1 Boneless Chicken (I used 4 pcs thighs)
1 Tablespoon Sea Salt
2 Tablespoons (I used about 6 Tablespoons because I like mine spicier) Curry Powder
3-4 Cloves of Garlic, chopped
1 Tablespoon Brown Sugar (if not using sweet potatoes)
2 sticks of lemongrass (I cut them in half)
1 Cup water
1/2 cup cubed potatoes or sweet potatoes or both
1 can of coconut cream
- Cut up boneless chicken, clean and put in colander to dry.
- In a mixing bowl, add the sea salt, Curry powder (you can put in more later but start with 2 tablespoons), garlic and mix.
- Take pot and heat it up. Then add 2 teaspoon of oil (I used peanut but olive is fine too, for those who like to cook with olive oil - I prefer olive oil raw). Add chicken and brown on medium heat for ten minutes or until browned.
- Add 1 cup water and lemongrass.
- Add potatoes or sweet potatoes or both. I like having both and this way, you don't have to add the brown sugar.
- Add the dry ingredients (Curry mix) and stir. This is when I added about 4 more tablespoons of curry powder because I like my curry thicker and spicier.
- Bring to boil and then cover lid, simmer for 30 minutes on low heat. I put mine on even lower heat and simmered it for longer to develop more flavor.
- At the very end, add the can of coconut cream. I also added some vegetables for added color (red, yellow peppers, onions, etc.). Bring to boil, then turn off gas.

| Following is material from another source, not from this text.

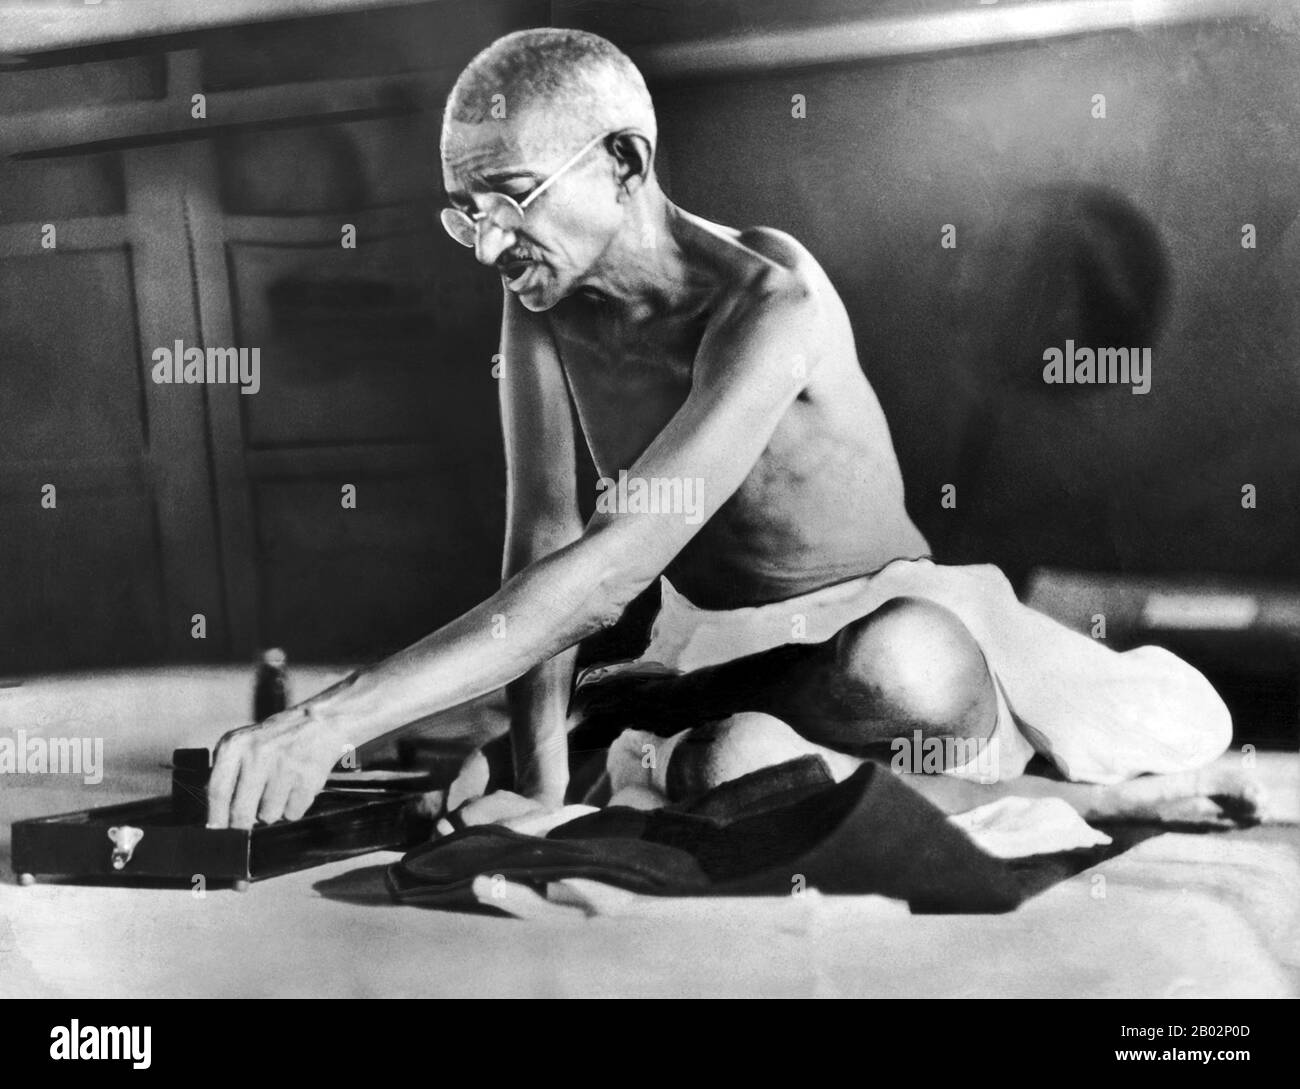 Mohandas Karamchand Gandhi (2 ottobre 1869 – 30 gennaio 1948) è stato il leader politico e ideologico preminente dell’India durante il movimento indiano per l’indipendenza. Fu il primo a satyagraha. Questo è definito come resistenza alla tirannia attraverso la disobbedienza civile di massa, una filosofia fondata saldamente sull'ahimsa, o totale non-violenza. Questo concetto ha aiutato l'India ad ottenere l'indipendenza e ha ispirato i movimenti per i diritti civili e la libertà in tutto il mondo. Gandhi è spesso chiamato Mahatma Gandhi o 'Grande anima', un primo onorifico applicato a lui da Rabindranath Tagore. In India è anche chiamato Bapu (Guj Foto Stock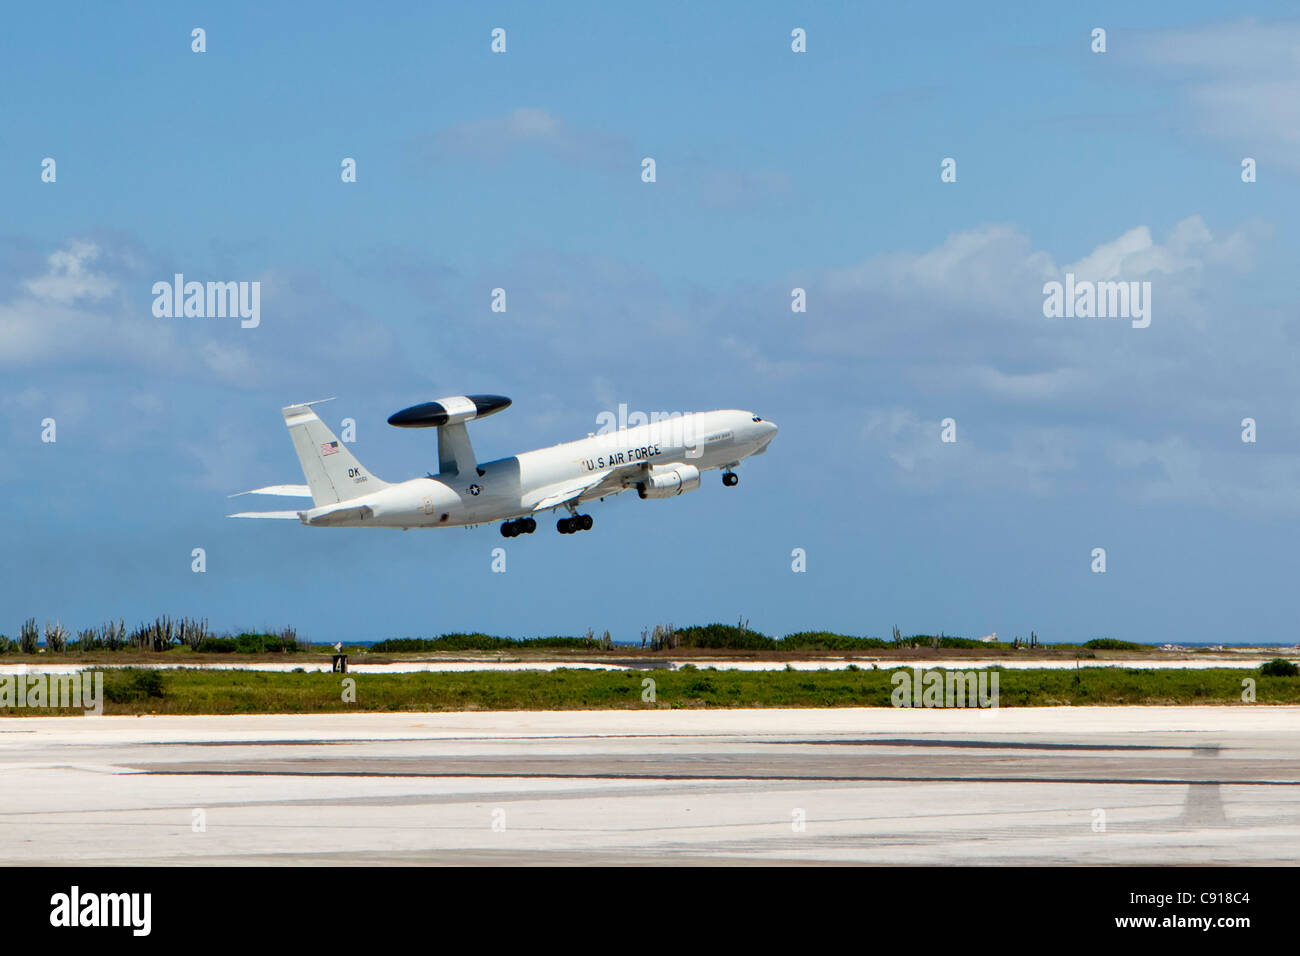 Curaçao, île des Caraïbes, indépendante des Pays-Bas depuis 2010. Willemstad. Avion AWAC de l'US Air Force de décoller. Banque D'Images

The result is a great chicken curry with vegetables that have a little bit more bite to them. You can add as much or little coconut cream as you want, depending on how coconutty you like it. I think in Thai restaurants, the curry is a little more coconutty than this one. This version is a lot more subtle and I like mine spicier than coconutty so I added more curry and less coconut cream. Also, if you like your curry much more yellow, add some turmeric powder and it will be a brighter yellow. Will try that next time.
Try it and let me know what you think!